June 13, 2012 -By: -In: Language - Comments Off on English Only in the Air

English has been the language of the skies since international commercial aviation first spread its wings after World War II.

Since English-speaking countries dominated post-war flyways, the International Civil Aviation Organization (ICAO) agreed in 1944 to mandate English as the standard language for international flights. In the air, clear communication is even more important than clear skies.

But as international aviation has become more international in recent decades, the number of pilots speaking English as a second language has increased dramatically.

Unfortunately, more non-native speakers in the air means more really bad English. NYT columnist Joe Sharkey reports a 2006 recording between an Air China pilot and an air traffic controller at Kennedy Airport here in New York, “a favorite among air traffic controllers and pilots who all have their own stories of language misunderstanding.”

“The controller becomes increasingly exasperated by the pilot’s hapless English, to the point where you can almost hear the steam coming out of his ears.”

No question that the pilot’s English was awful. But the air traffic controller’s response was less than helpful, and demonstrated a defect in a best practice domain.

In her 2008 dissertation on aviation communication, Sally Hinrich points out that, “Questions are not considered as part of the routine language in controller/pilot discourse. According to air traffic controller regulations, all communications are to be expressed in command-based or instructional language.

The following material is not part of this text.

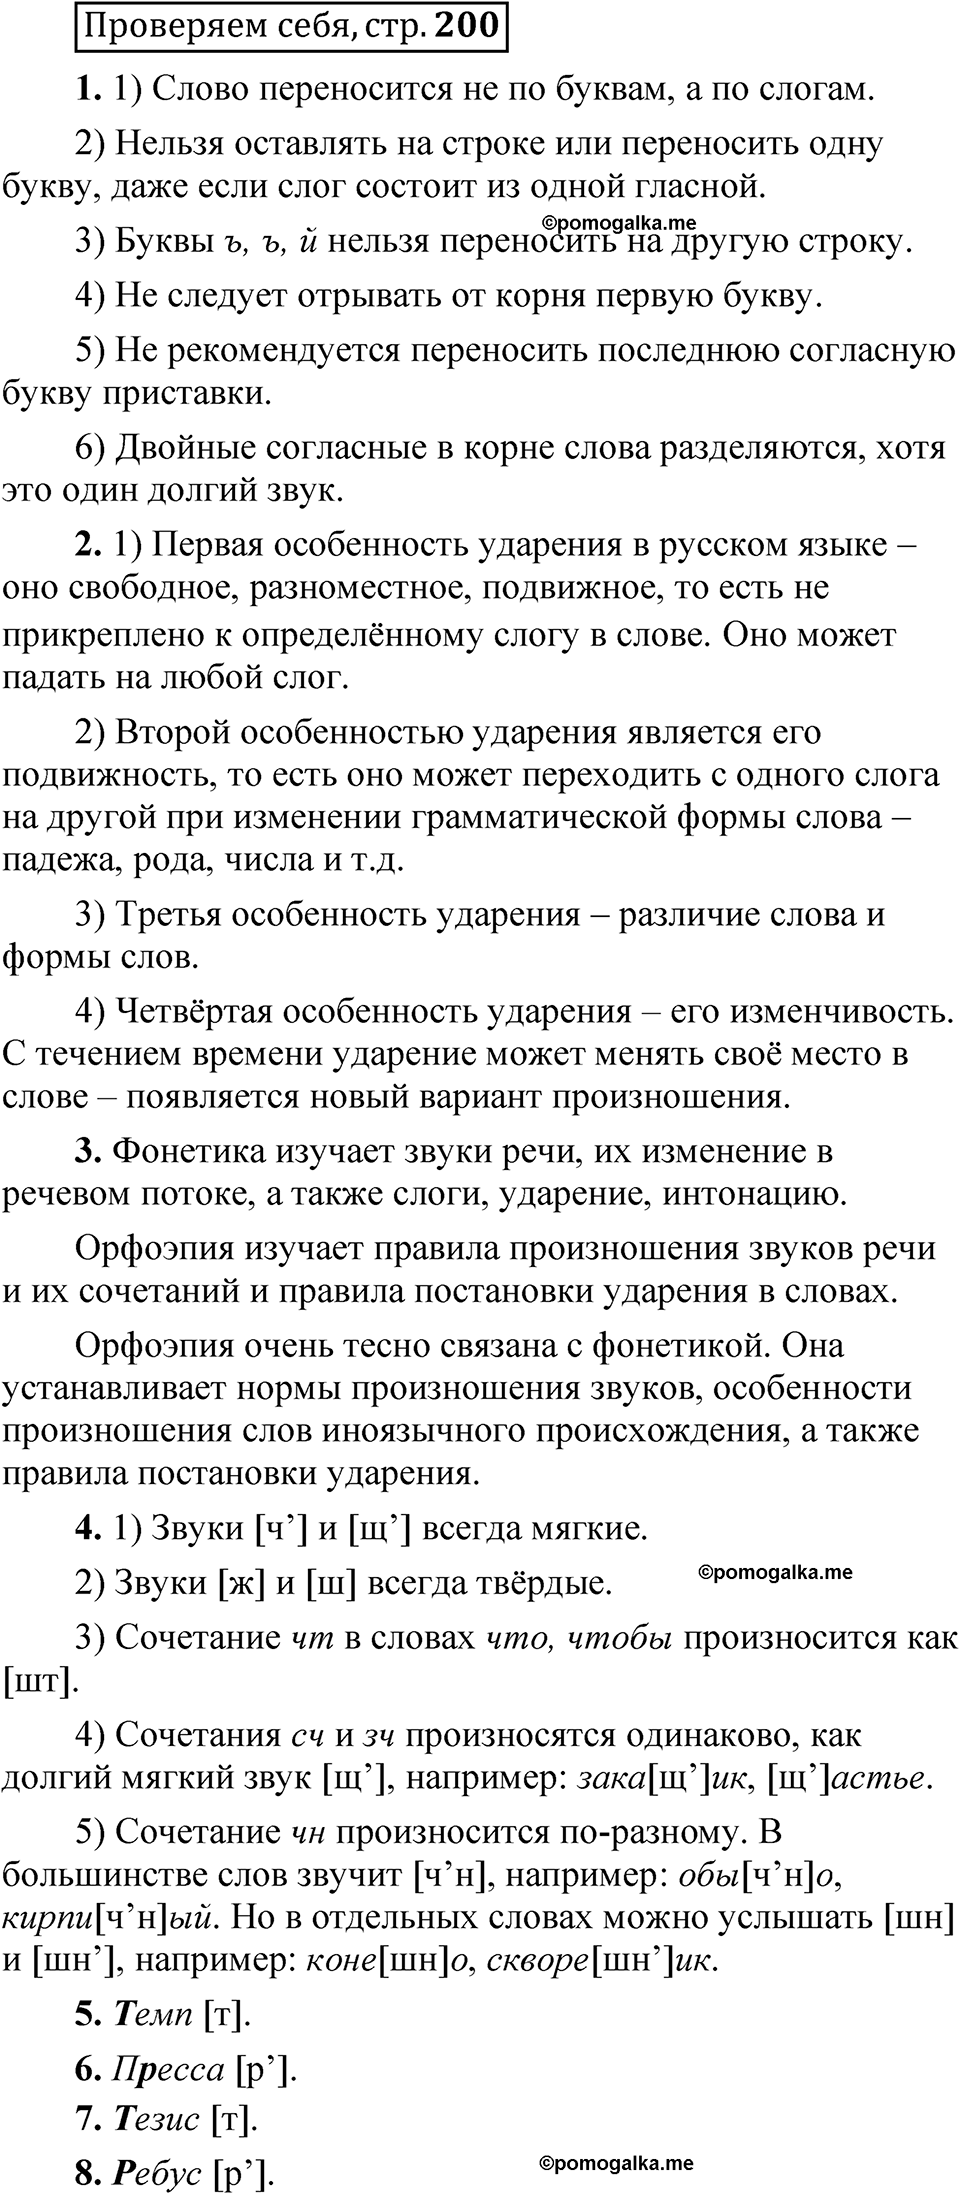 страница 200 Проверяем себя русский язык 5 класс Быстрова, Кибирева 1 часть 2021 год

When non-routine situations do occur, neither the pilot nor the controller has an available formula-based phraseology that will apply to the situation.”

I love the idea of a command language without questions, since my own command language is all questions, which can be tiresome, don’t you think?

Anyway, concern over all that bad English in the sky has been increasing as the aviation industry has gone global, particularly in non-Western regions were the patterns and cultural context of English differ so much from native languages.

In October, the ICAO issued new recommendations to improve English-language training, “in response to fatal accidents in which the lack of proficiency in English was identified as a contributing factor.”

I posted on aviation language fails in the past, in a post on the Smolensk air disaster that killed some 96 Polish government officials in 2010, and the cause of football riots in Warsaw last week.

The rigor in which the aviation industry approaches communication and cultural issues is instructive for us at 1-800-Translate, particularly for telephone interpretation, where audio-only real-time cross-cultural communication can also be a matter of life and death.